Saturday, January 06, 2007

cotton candy

People ask me: “Do you have a boyfriend?”
I would ponder and tell them no.
And they’d ask me why.
And I’d always say: “I’m enjoying my single life.”
If I were to be honest, I would have said: “I don’t know why.” And that’d be the truth.
I admit that I can fancy people easily. But I don’t easily fall in love. Liking someone, is not loving someone. It’s just not the same.
What do I look for in a guy? They would ask. Questions, questions…
Well, fundamentally, I just want someone who would want to be part of my world, I guess. My strange and peculiar world. Someone who can make me wants to be part of his world too. It’s about sharing not owning... (i know i sound absurd)
Now I’m scared. I’ve always been scared. And I’m sick of that.
“Scared of what?” You ask.
I’m scared of being hurt once more. Scared that I’m being hurt by something that was actually never meant to be. Scared of the one I might fall for, and end up being disappointed.
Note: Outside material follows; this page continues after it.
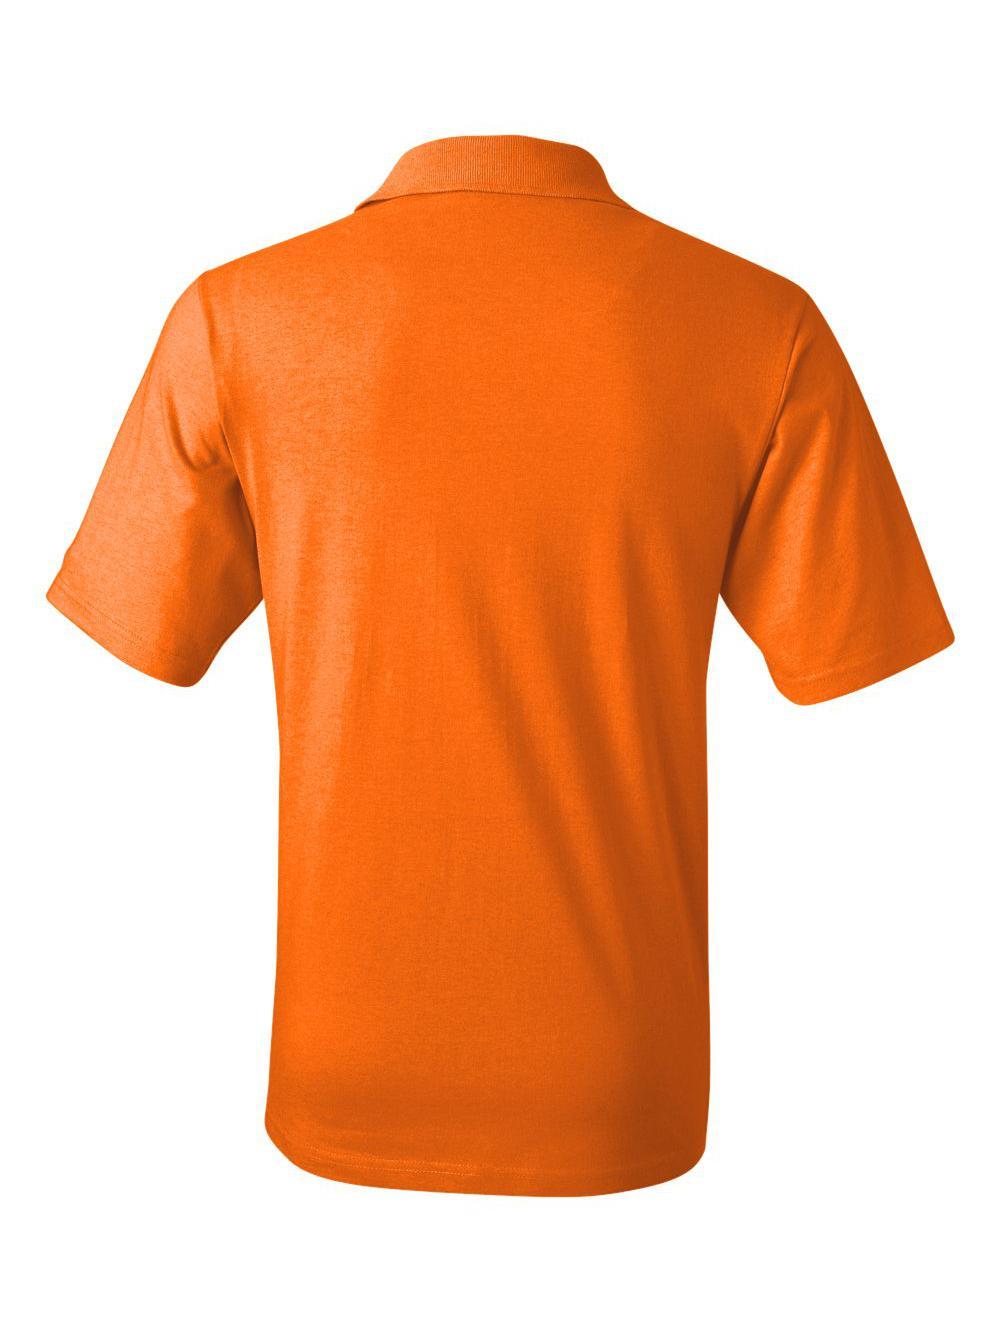 Jerzees Spotshield 5050 Jersey Knit Pocket Polo Shirt 436mpr

I’m scared that all I thought to be true……were just mere lies…
I’m scared of my imagination, for it can run so wild beyond your imagination.
If that last truth was true…then above all…I fear that he stopped loving me, because of a stupid misunderstanding, a stupid mistake, and because…because… arghhhh

2 comments:

Anonymous said...

fish there is no insurance for u being loved forever and there is none for u to love someone forever too. life is a gamble with risks..... so decide your game then!!how sure r u that u can love someone forever too??to me love is a gamble hehehe read your cards and close your eyes and jump and may god bliss u that is!!

Anonymous said...

As muslim, have fate, lot of doa & prayers. Pray for the best. Never had a girl friends before too (I know it's an akward comparison) but hey, life, death and true love is all up to Allah. We all make mistake so u don't have to be afraid to make one.